First of all, don’t miss Loeb Award-nominated Ben White’s exposé on the front page of today’s New York Times. He will discuss this on MSNBC this evening! (Between 6:00 and 6:45.)
Secondly, just kidding about the cufflinks thing. Anybody who wants to chime in on the bedraggled Hoyas or Wizards or any other sporting subject: you are welcome.
The Hoyas have a huge game against Marquette coming up on Saturday.
Third, here is our first guest feature article, by Dr. Ann White. It is a commentary on our recent Art Lovers’ Poll…
Hopper’s Sympathy vs. Wyeth’s Poses
I’m glad that Hopper won the art lovers poll but sorry that he won by only one vote.
The two artists don’t belong in the same category of greatness.

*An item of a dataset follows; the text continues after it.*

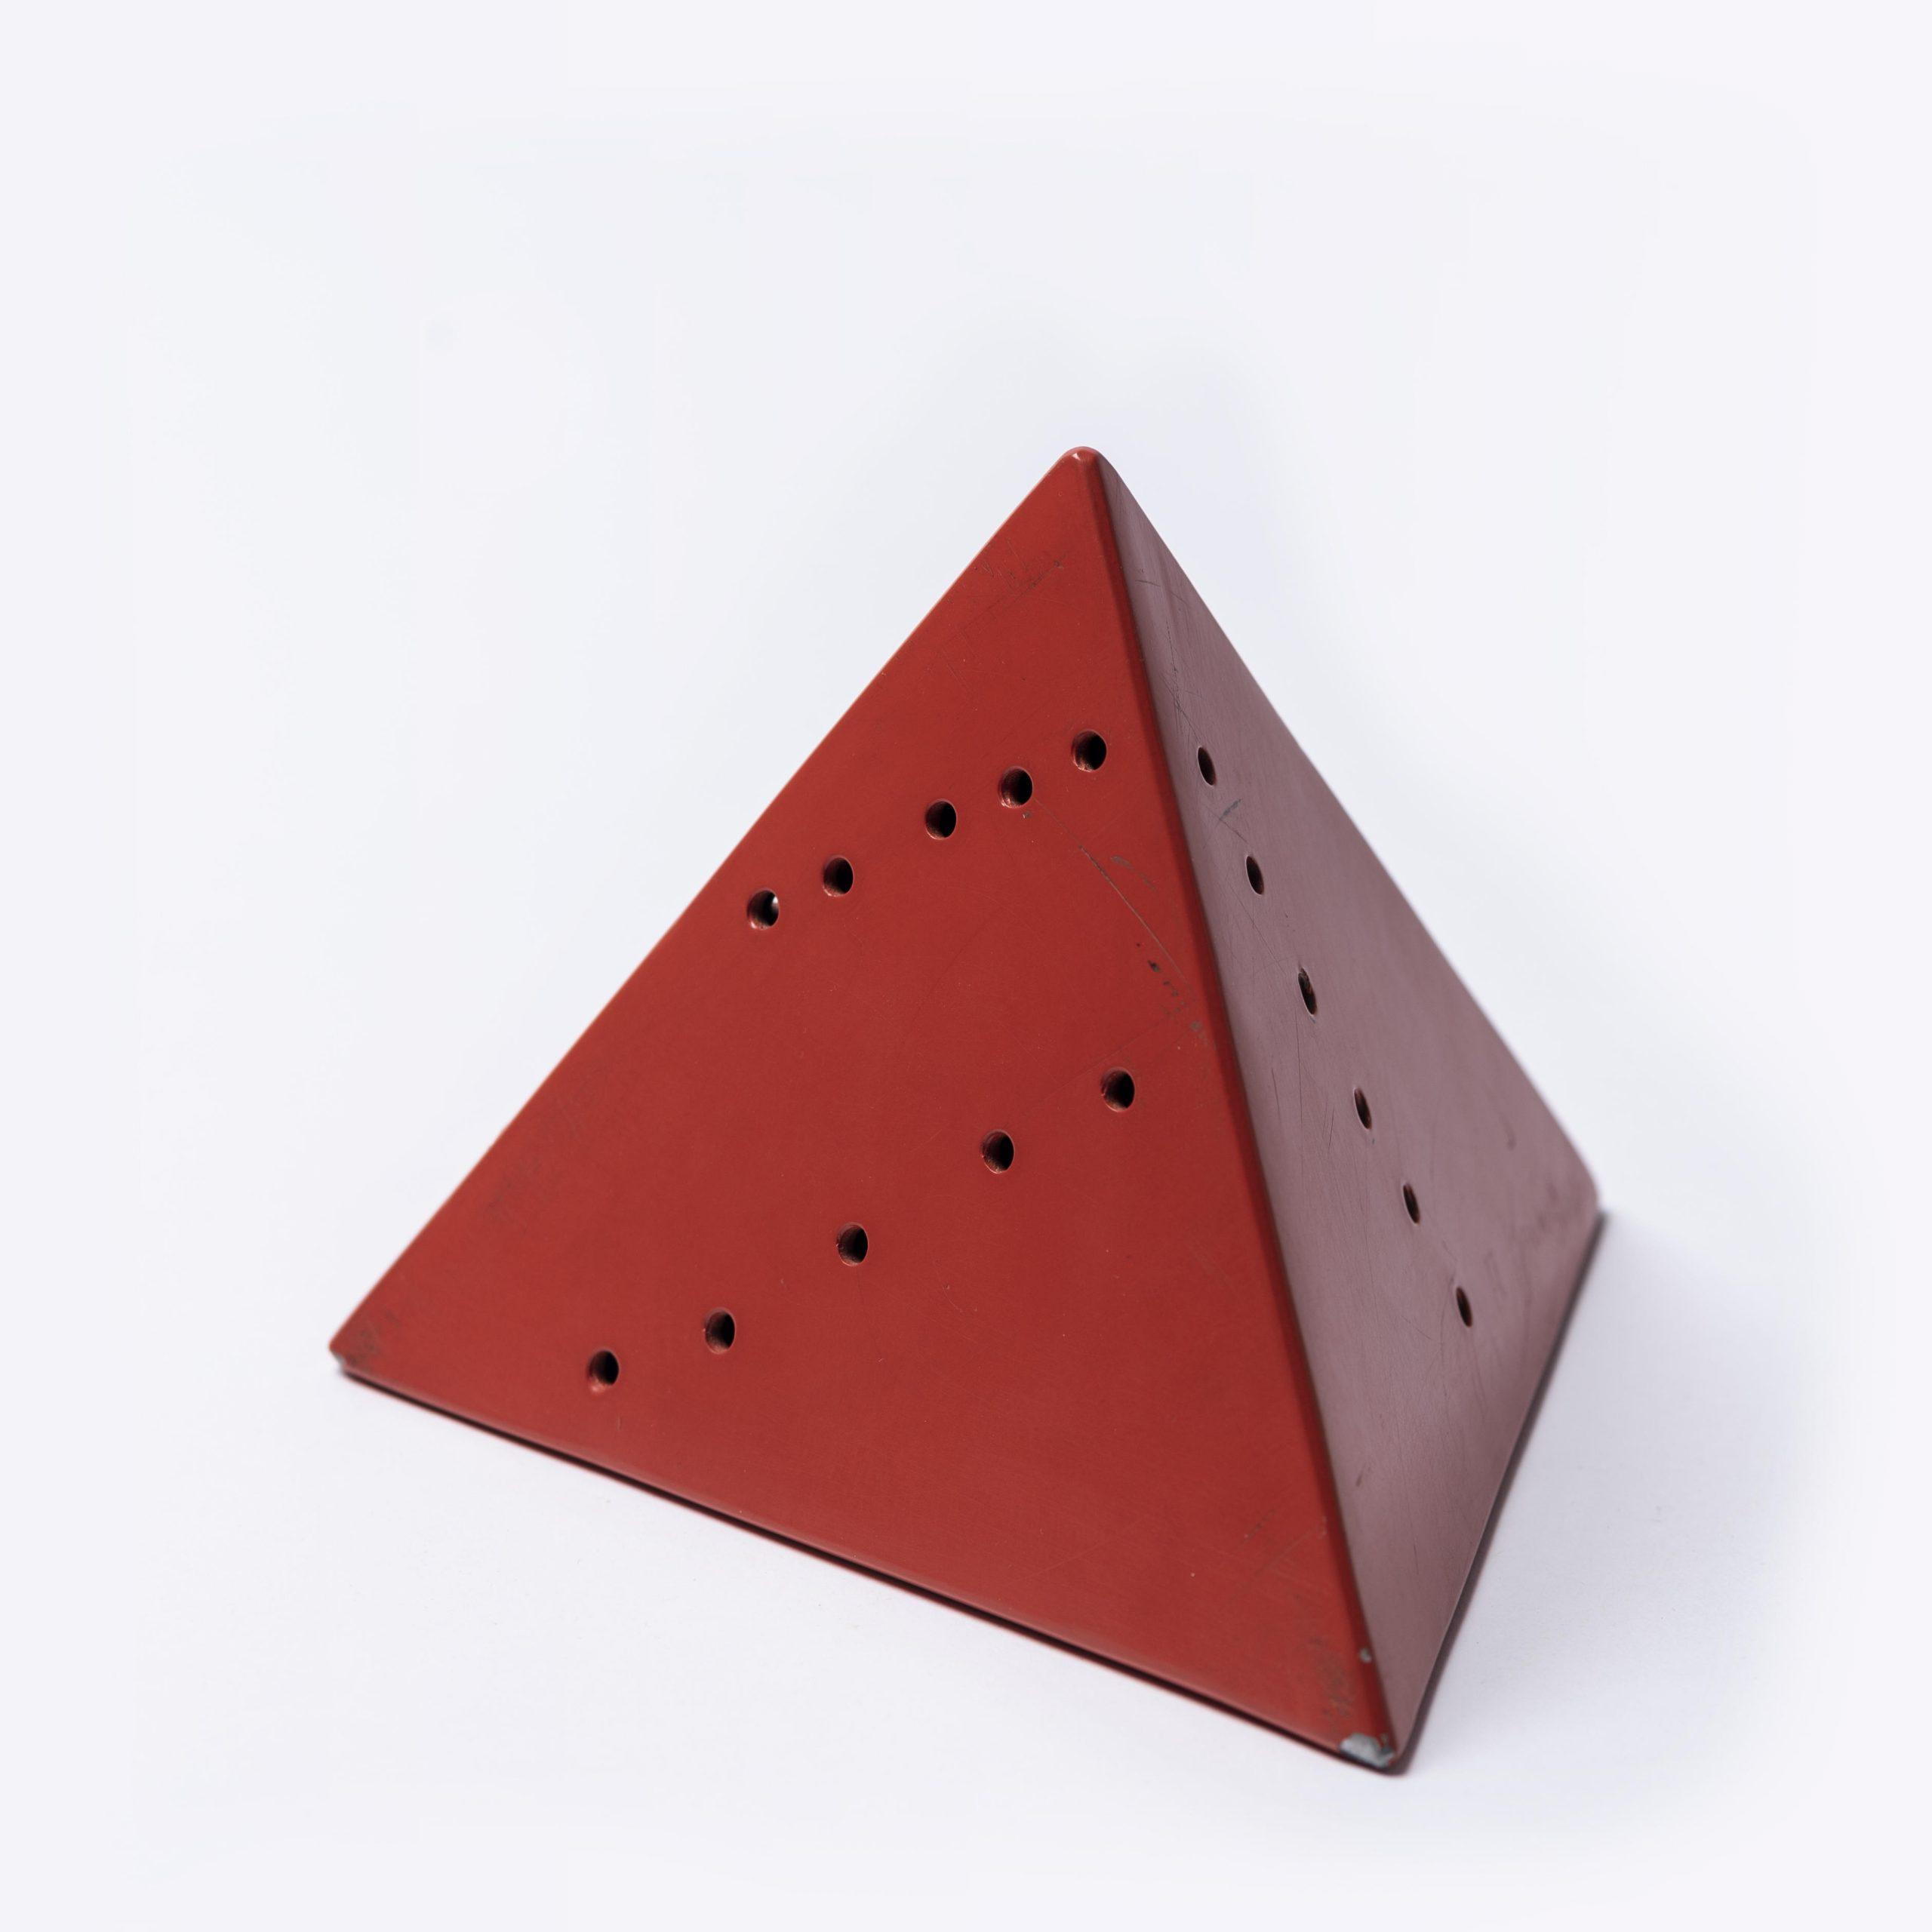 Piramide (red) by Lucio Fontana

Edward Hopper’s paintings have nothing of the pretentious about them. He paints an American world of buildings from a particular time, and he paints the people who know those buildings in their day-to-day lives. Somehow you know as you look at one of his pictures — whether you see people in the buildings or not — that the artist knows and feels the loneliness and sadness and hope of the people who go in and out of those buildings. He paints as though he is one of them — not looking on from the outside. Conveying that kind of empathy is the mark of a great artist.
Hopper is a truly great artist. Wyeth is only pretending to be one.
Hi Fr. White,
I think Christina had some type of physical limitation. I’m not sure what it was. I like that painting.
Dear Dr. White,
That is a very thought-provoking commentary you wrote. It caused me to consider whether I had voted with enough knowledge about both artists – so I did some research.

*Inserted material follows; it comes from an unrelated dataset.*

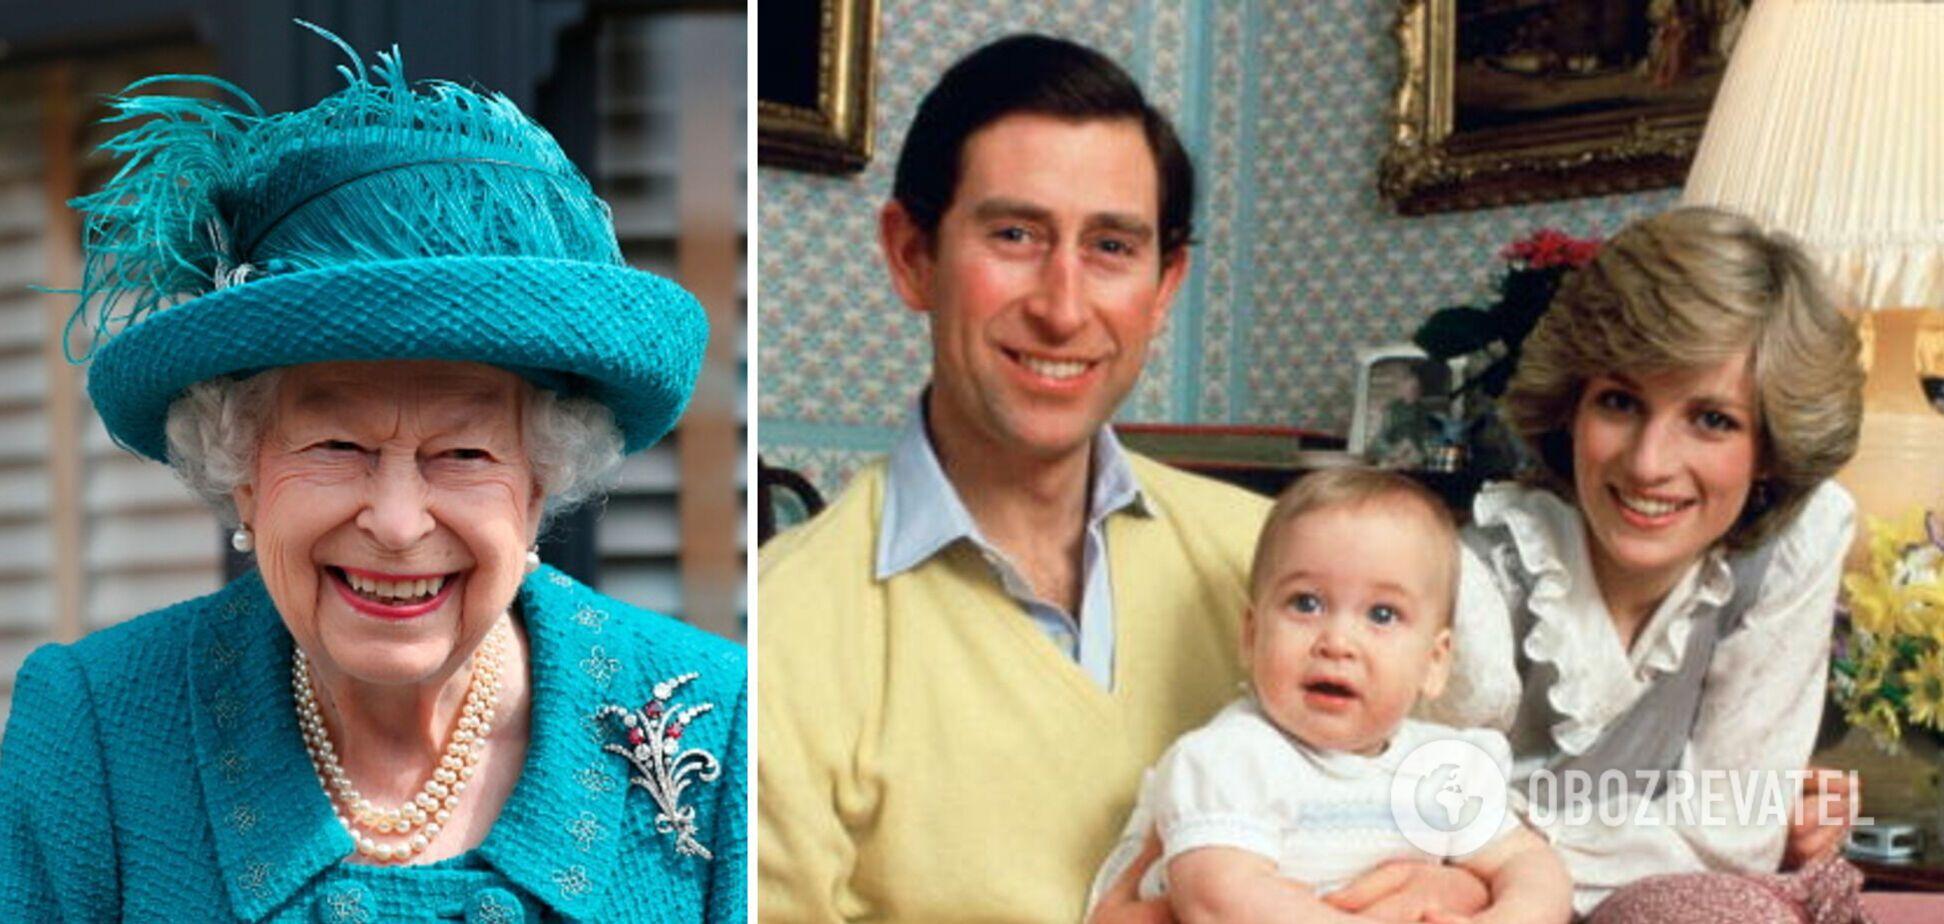 В сети вспомнили, как Елизавета II пошутила над принцем Чарльзом

You presented some excellent points – one of which I agree completely; that is a very unnatural pose for Christina. Why is she lying in the grass that way, in that location? Is she trying to crawl to the house after some trauma? Had she been cloud-watching and someone just rang the dinner bell?

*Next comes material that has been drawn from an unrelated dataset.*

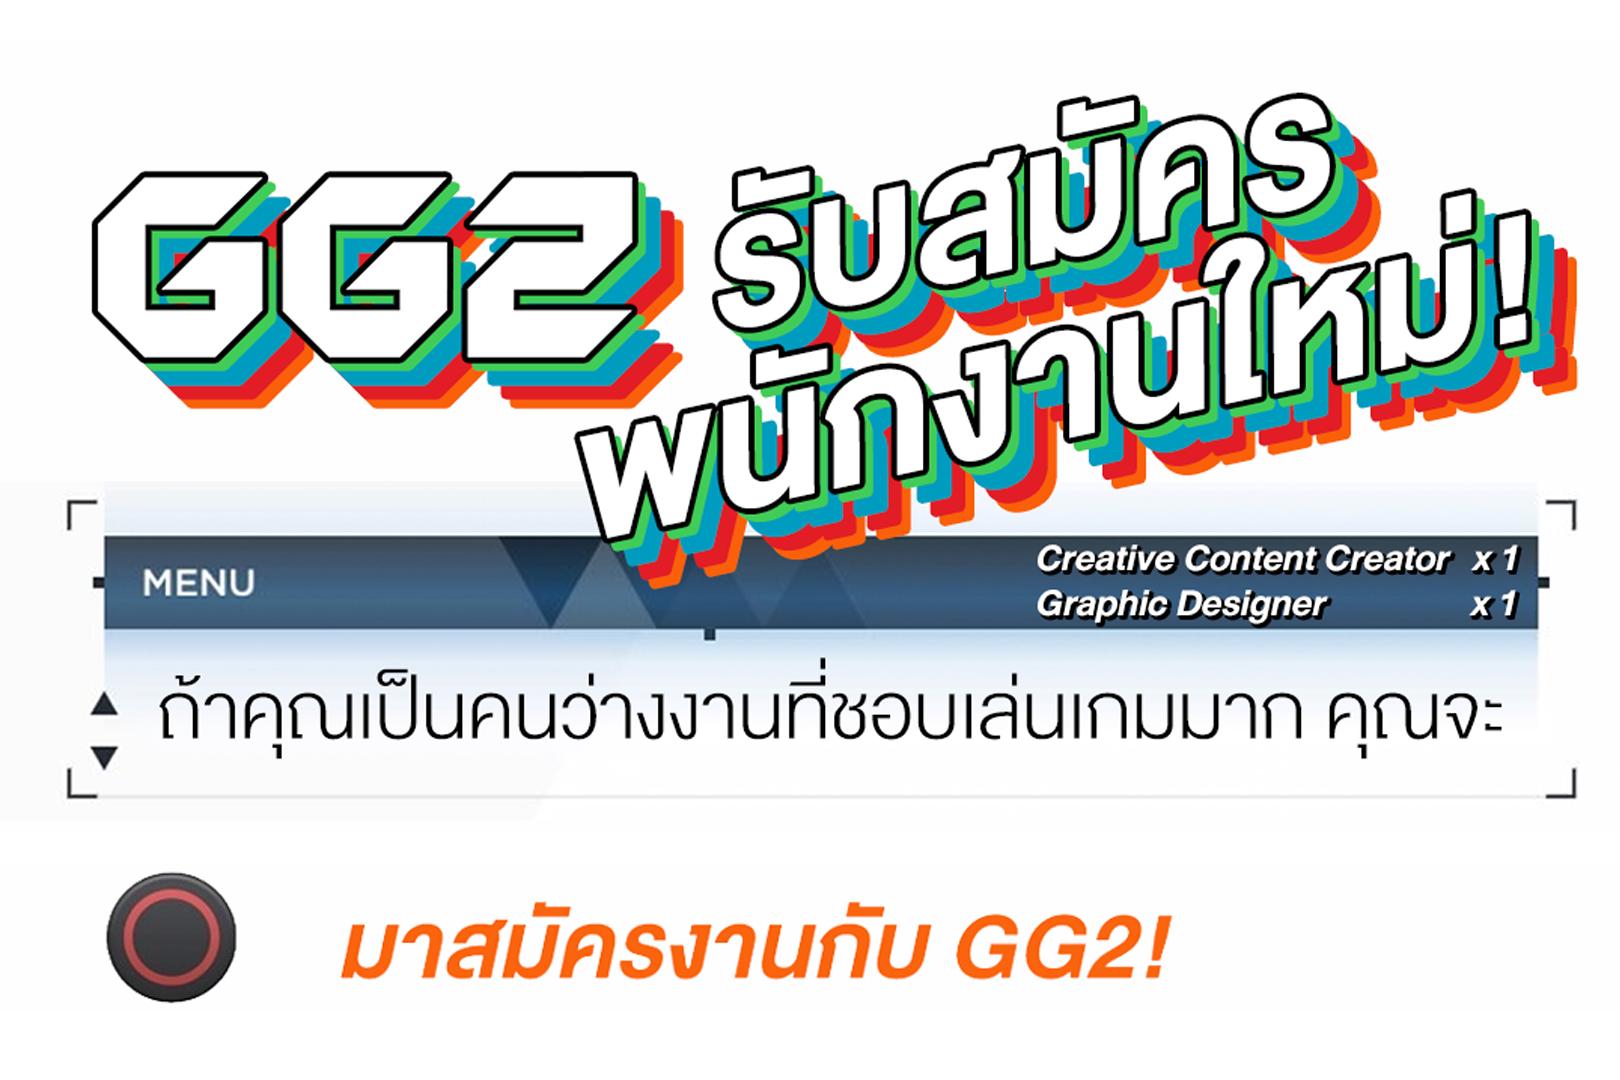 GG2รับสมัครพนักงานใหม่!

On the other hand, though, there is something about Hopper’s paintings that makes me uncomfortable. I feel like a voyeur, like an unwelcome intruder on very private moments. Even his painting “Gas” doesn’t provide any calm. It has the feeling of a train track near a gas station…why?
I don’t care for all of Wyeth’s paintings, but still I wouldn’t change my vote. I still prefer his work over Hopper’s. Admittedly, it is influenced somewhat by my preference for landscapes as opposed to cityscapes, but I don’t agree that Hopper is a great artist and Wyeth can’t compare. It is, after all, a matter of beauty being measured by the eye of the beholder.
The works of both give me great pleasure and I see no reason to choose between these two, even at your urging. I love Wyeth’s ghost stories, just as I love in Hopper’s works, his undoubtedly haunted hotel lobbies, bridges, and railway-houses, his haunted ‘early sunday morning’. If some of the tropes Wyeth used were obvious — I think of the suddenly snuffed candles of the meeting house chandelier, of Helga in her loden coat in Pennsylvania winter — they were and are also American, which is to say plain-spoken, unabashed.